With cap-and-trade incentives we see railways switching from diesel to electric engines saving 1% of GHGs in this sector.

A jet airliner burns 1,000 litres of fuel in 5 minutes. The number of flights per day in 2019 are estimated at 225,000 and growing. While the airline industry projects a 50% reduction in GHGs from the introduction of synthetic fuels, our inclination is to keep air flight related GHGs at par until new technologies come on stream.

By 2050 we expect 90% of GHGs either captured or eliminated from this sector.

(4) 2030 NET REDUCTIONS IN GHGs FROM TRUCKING, MARITIME SHIPPING, RAILROADS AND AIRPLANES—7%

.

Livable-Region-Plan-(GVRD)
LIVABLE REGION STRATEGIC PLAN ESTIMATES OF POLLUTION SOURCES

The Greater Vancouver Regional District estimates of emissions are shown in BLACK. Our projections for first stage reductions are shown in RED, and our second stage reductions are in LIGHT BLUE.

5 | Total Reductions—66%

The results from this analysis are shown in red and light blue in the figure above. At a glance they show how air pollution—or greenhouse gases—can be reduced by two thirds by a combination of government regulations and private sector innovation:

(1) Urban Transportation—31% net reduction in GHGs

(2) Urban Footprint—14% net reduction in GHGs

(3) Agriculture, Waste Management & Industry—14% net reduction in GHGs

(4) Long distance Transportation & Shipping—7% net reduction in GHGs

.

TOTAL NET REDUCTION IN GHGs—66%

.

cropped-mt-baker1.jpg
THE FIRST I SAW MOUNT BAKER IN 1970 THE SNOW LOOKED WHITE. THAT MURKY REDISH HUE VISIBLE TODAY IS THE COLOR OF THE GHGs IN THE AIR THAT WE BREATHE.

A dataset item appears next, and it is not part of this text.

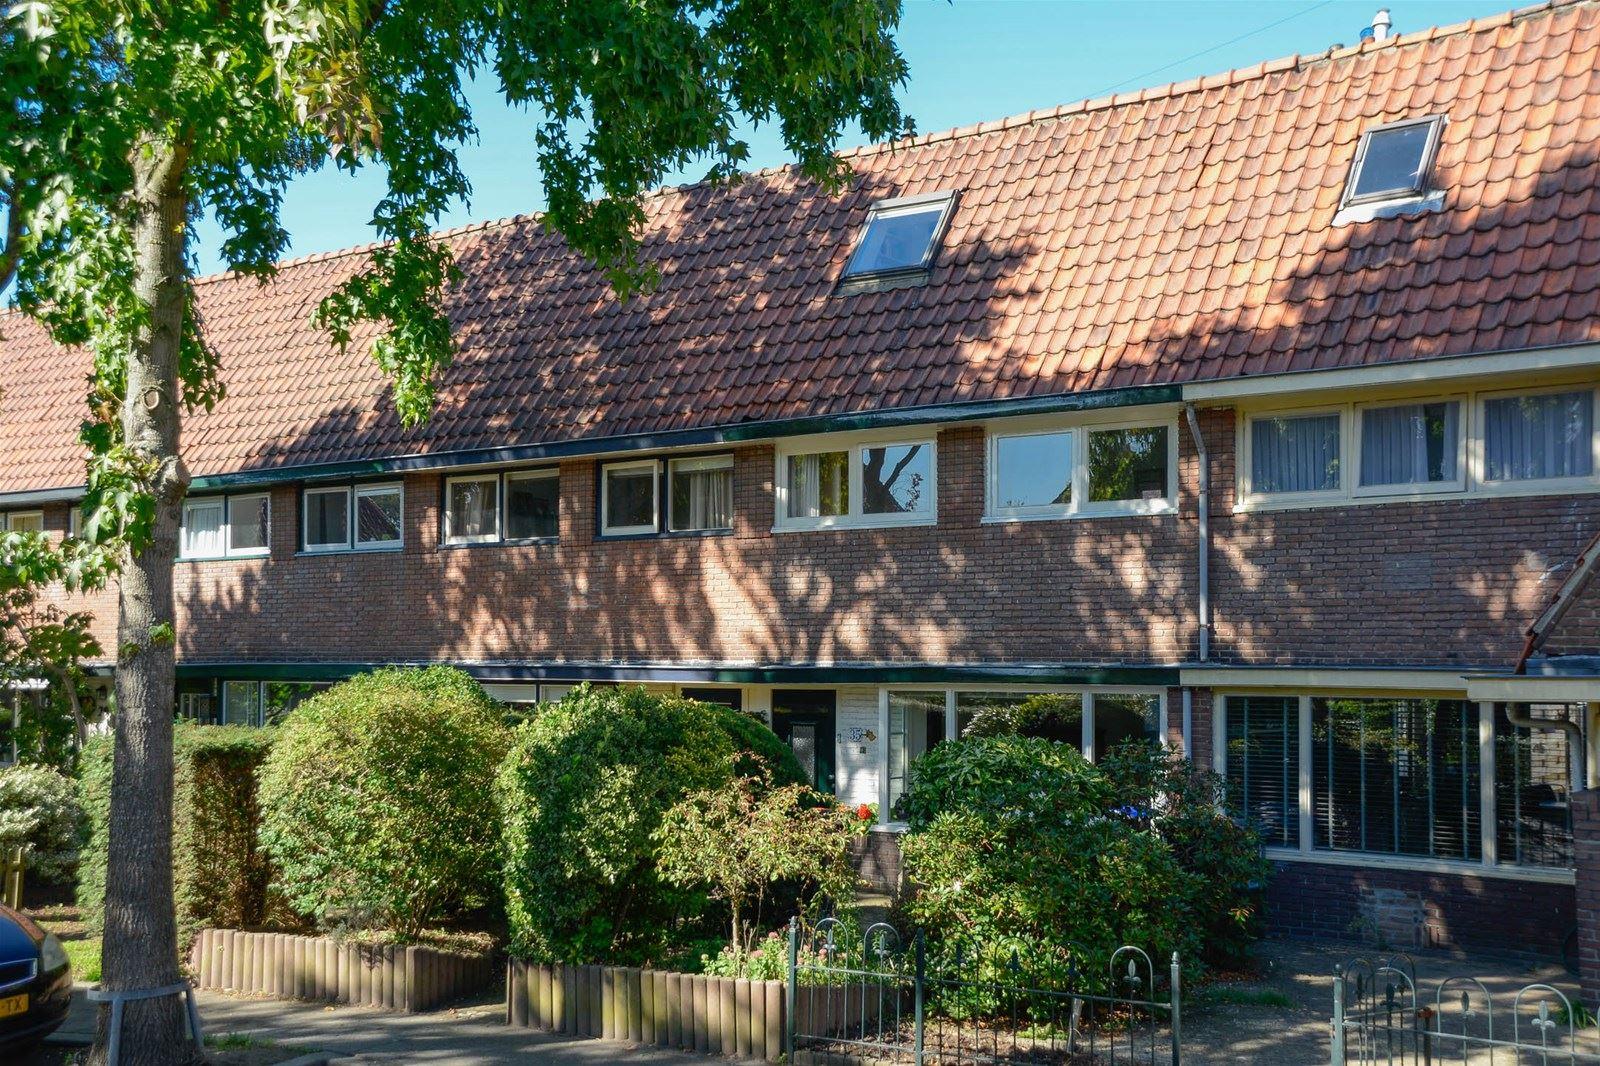 Huis te koop professor dondersstraat 35 1221 hm hilversum for Huis hilversum
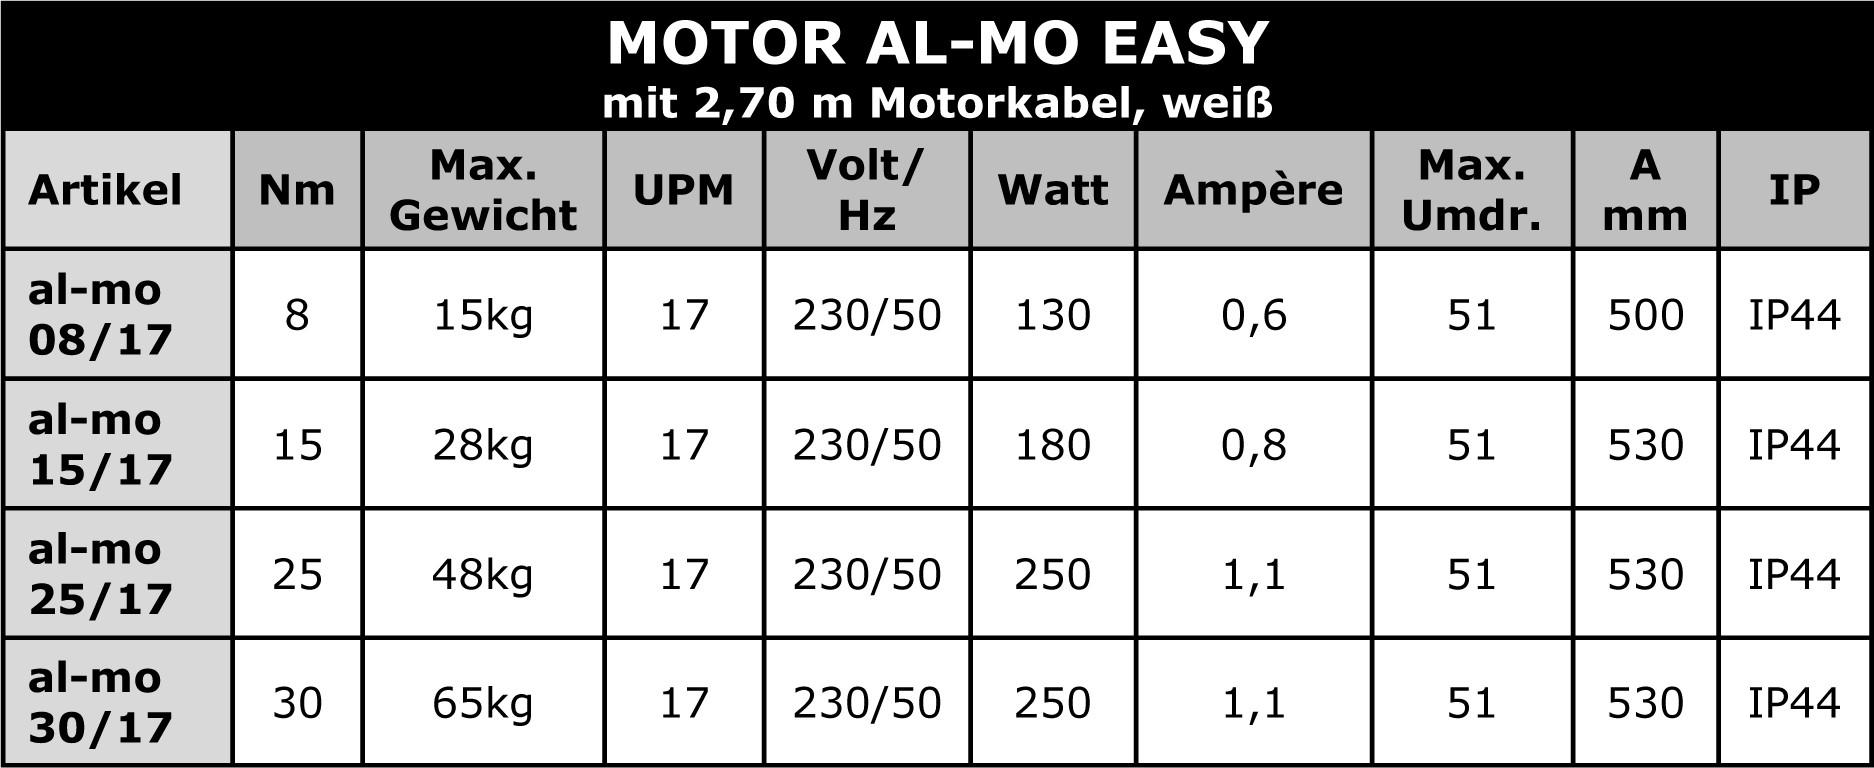 Altron al-mo easy Technische Daten

Technological advances in electric engines, long-range batteries and international charging networks have unlocked the GHG-free future where the snow on Mount Baker will look white again.

The end of air pollution will not come until we see the sun set over the gas and oil industries. While this may trigger some economic shocks, we should expect some dividends.

The first will be a peace dividend.  In the Middle East, where so much conflict has concentrated over the past 100 years, the time is approaching when the price of crude will fall to the point where it is no long worth fighting about.

Reducing air borne pollution by 66 percent in a decade, and 93% by 2050 will also return a health dividend. This will be a direct savings to government at the same time that it realized an unprecedented boost to the quality of human life and social functioning.

With the return of salmon to pre-colonial levels, the rise in mining for minerals to support the creation of the green energy grid, and the boom in demand for value-added forestry products from a return to the regional vernacular architecture, the region and the province will enjoy a very significant wealth effect.

Technological innovation has made possible a two-stage strategy for reducing GHGs presented above: Cut emissions by 66% before eliminating them altogether. Significantly, this transformation is accompanied by the hidden benefits and dividends are unprecedented impact and scope.

That is a regional strategy I can support!